» Data:
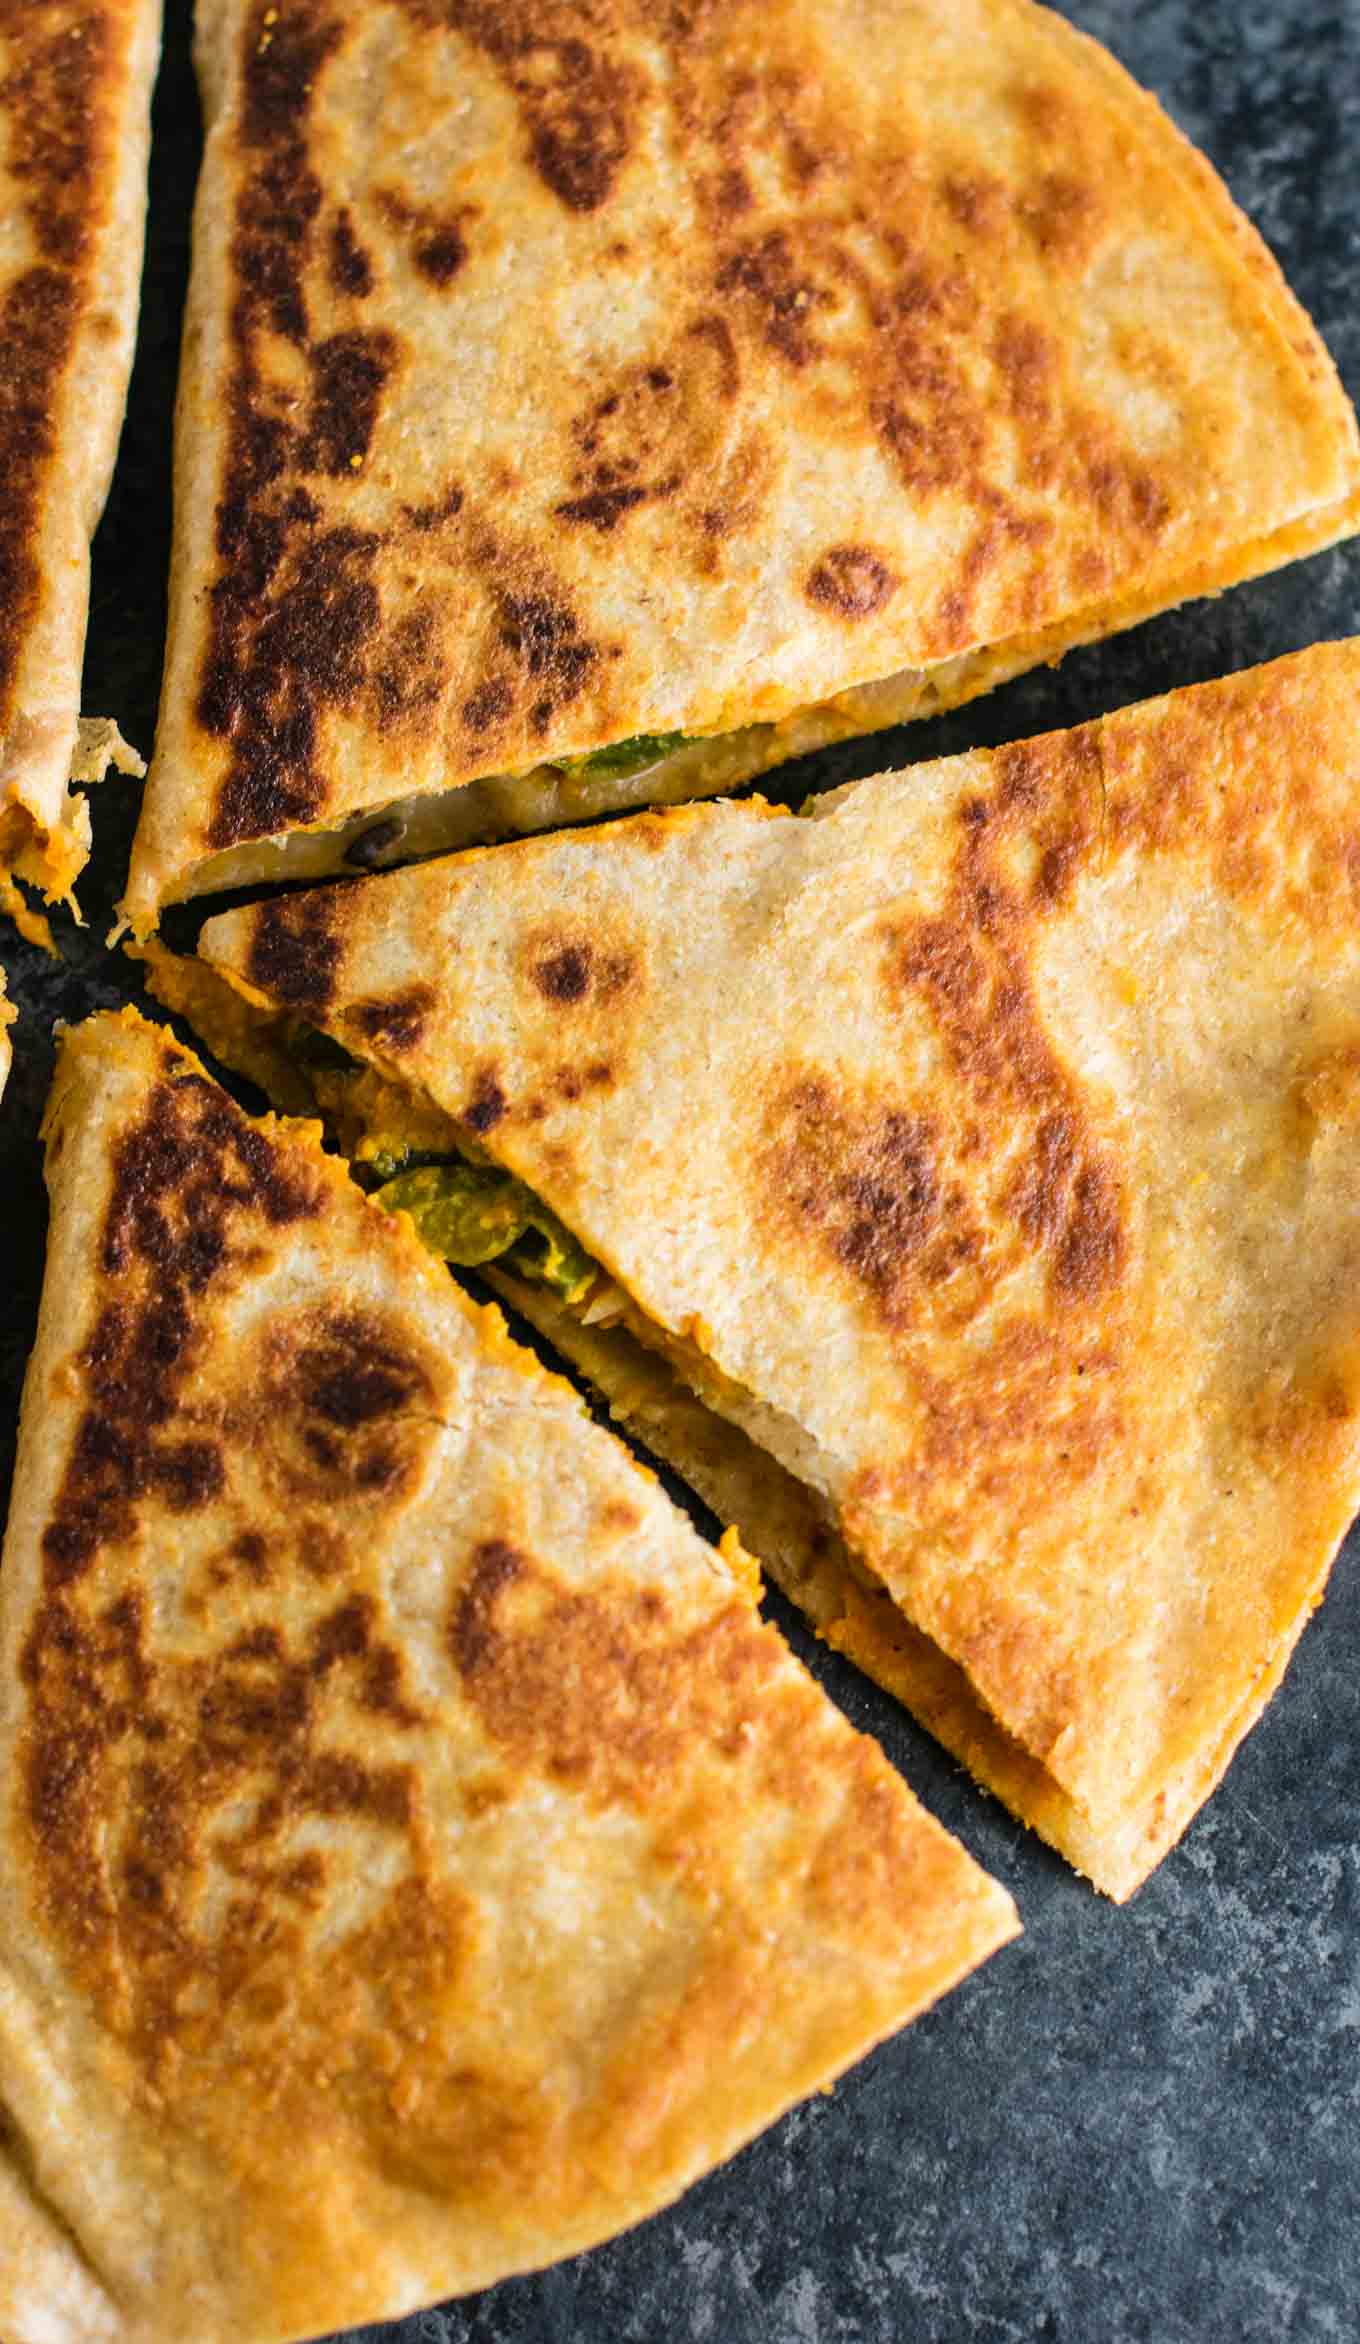 Easy vegan quesadillas recipe packed full of protein and flavor. No meat, no dairy, no vegan cheese! It's a Mexican favorite gone vegan! #vegan #quesadillas #meatless #veganmexican #veganquesadilla #dinner #recipes
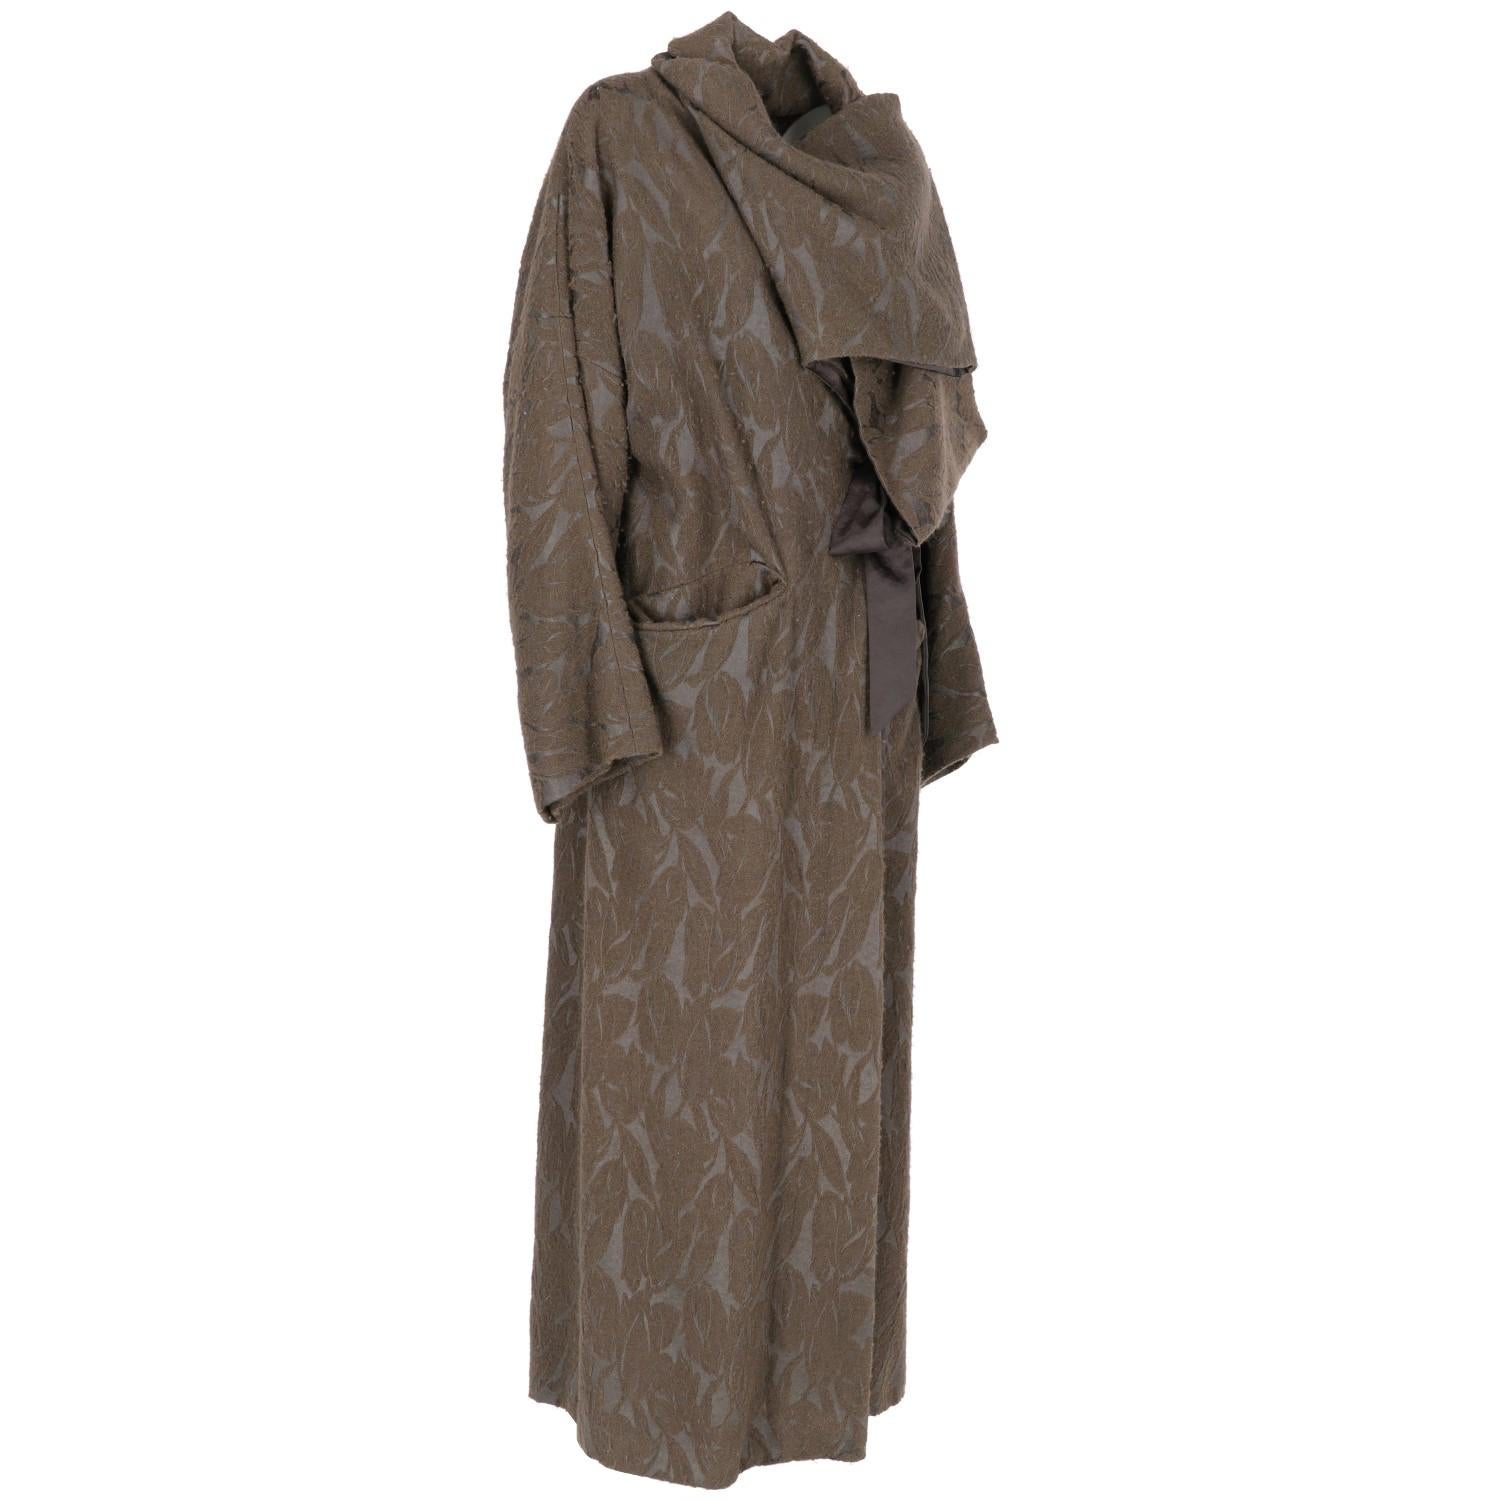 The Antonio Marras long brown jacquard wool coat with grey satin inner inserts features one wrap collar, waistband and single-buttoned front closure and two fancy cut front pockets. The lining is in grey flower and stripes pattern jacquard satin.
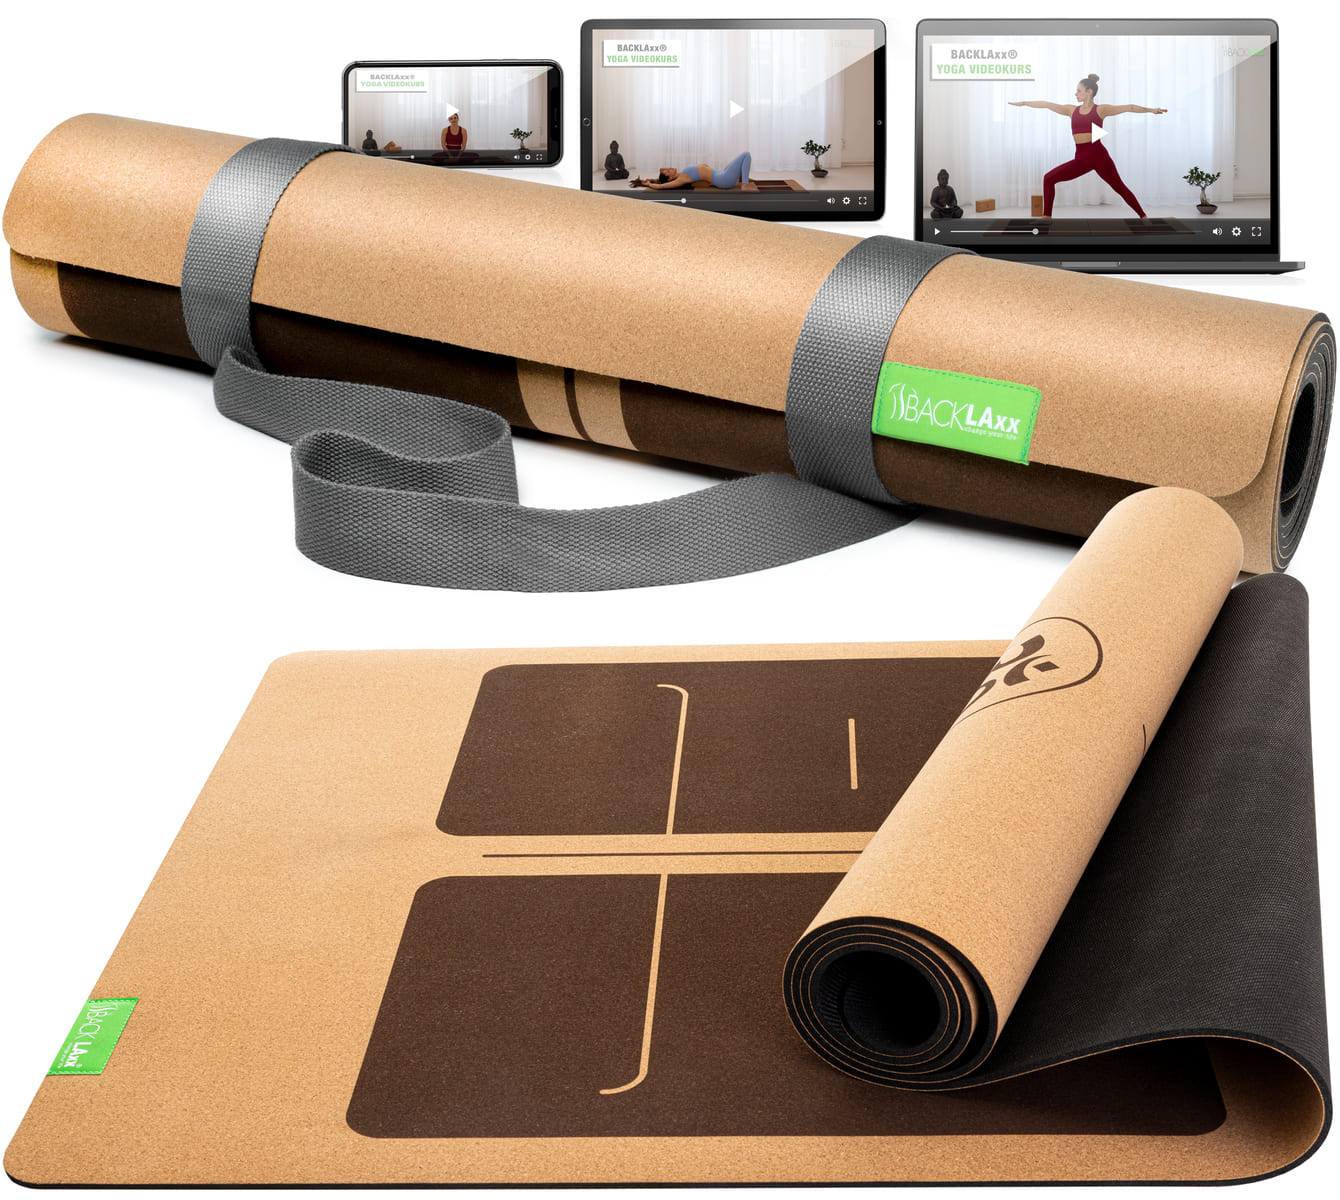 Yoga mat (incl. free video course)

» Task prompt: The listing above must be restated word for word. Its pictures are to be left out.

» Solved problem:
 Easy vegan quesadillas recipe packed full of protein and flavor. No meat, no dairy, no vegan cheese! It's a Mexican favorite gone vegan! #vegan #quesadillas #meatless #veganmexican #veganquesadilla #dinner #recipes
 The Antonio Marras long brown jacquard wool coat with grey satin inner inserts features one wrap collar, waistband and single-buttoned front closure and two fancy cut front pockets. The lining is in grey flower and stripes pattern jacquard satin.
 Yoga mat (incl. free video course)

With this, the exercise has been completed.